Be brave, shoot lots and then go back and do it again.
Like the idea of the project, best of luck.
Only advice i have from experience is to try and show the character of the person in the photo. What some would call capturing their souls.
Be brave, shoot lots and then go back and do it again.
Like the idea of the project, best of luck.
Roger Hicks
Veteran
Roger, I'm really interested in that experience. I had thought about trying that 'neutral' (forgive me if that sounds reductive). I wondered two things: whether one should use medium format for that approach (this is probably just from looking at Irving Penn or someone) and also whether I can find a way of using an environmental approach to show the different places in society all the subjects have found.
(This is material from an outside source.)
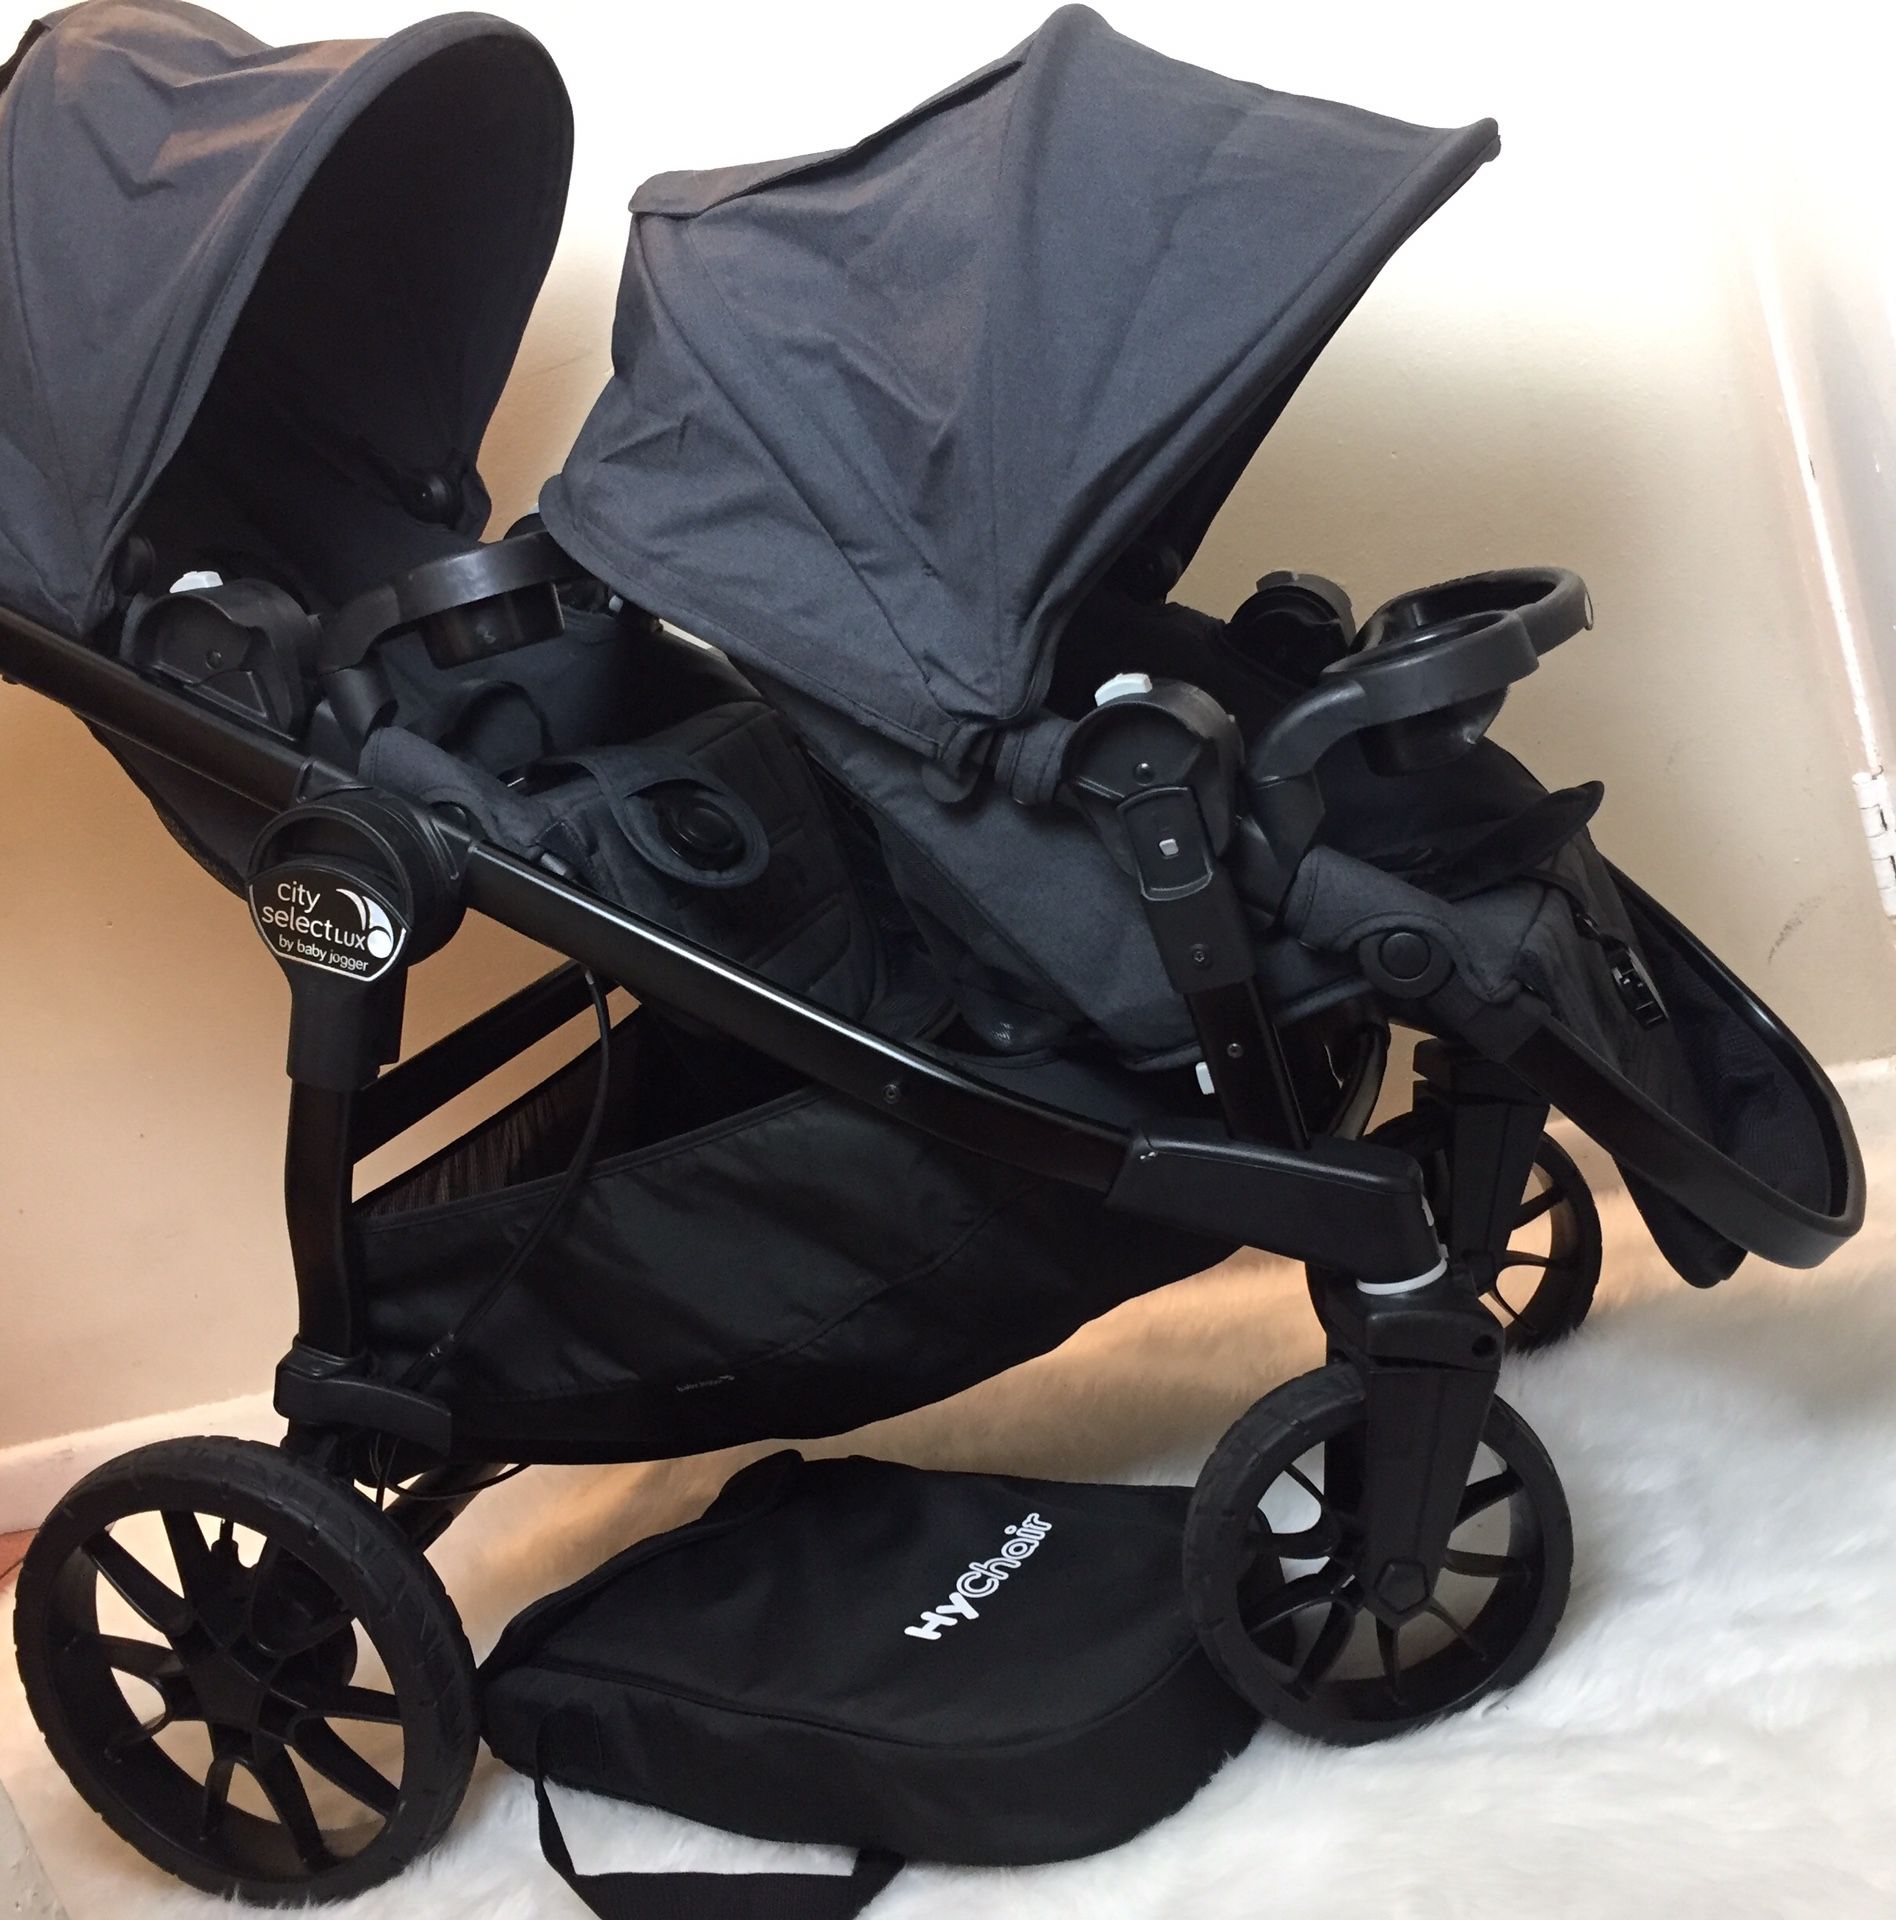 City select lux stroller no extras

But then again, I see of course a portrait is most of all about a face. Simple truths. Oddly I imagine that it takes a real confidence to take a series of portraits in the 'neutral' vein.
Although I'd worked for the Government in Exile in the 1980s, I wasn't expecting this job in 1999, and I had no MF with me except Alpas with wide-angles (not good). My old (2nd generation pre-aspheric) Summicron was the best lens I had with me for portraiture. I forget whether I used an M2 or the M4-P.
I scrounged 3 flash heads, only two of which had modelling lamps (it would have taken 48 hours and a round trip to Delhi to get new ones). Lighting was 'Paramount' or 'butterfly': both behind the camera, one low, one high, one left, one right. The higher light (key) was set 1 stop brighter than the lower light (fill). The third light was an optional, weak back/hair light.
Backdrop was 2x3 metres cheap white muslin, bought in the bazaar, with dye dabbed on to it with a sponge to give an irregular, blotchy background, out of focus in the pics. You can see one of the pics (it's the second) in http://www.rogerandfrances.com/subscription/ps portrait lens light.html.
Cheers,
R.
Keith
The best camera is one that still works!
I also think portraiture is unique in that you have a constantly changing scene in front of you ... nothing is static. Unless the subject is dead or frozen their face and body are like an ever rapidly changing landscape with multiple choice decisive moments! 
It's quite a privilege to be able to react with another human being in such an intimate way through photography. Treat it as such and you can't really go wrong IMO.
It's quite a privilege to be able to react with another human being in such an intimate way through photography. Treat it as such and you can't really go wrong IMO.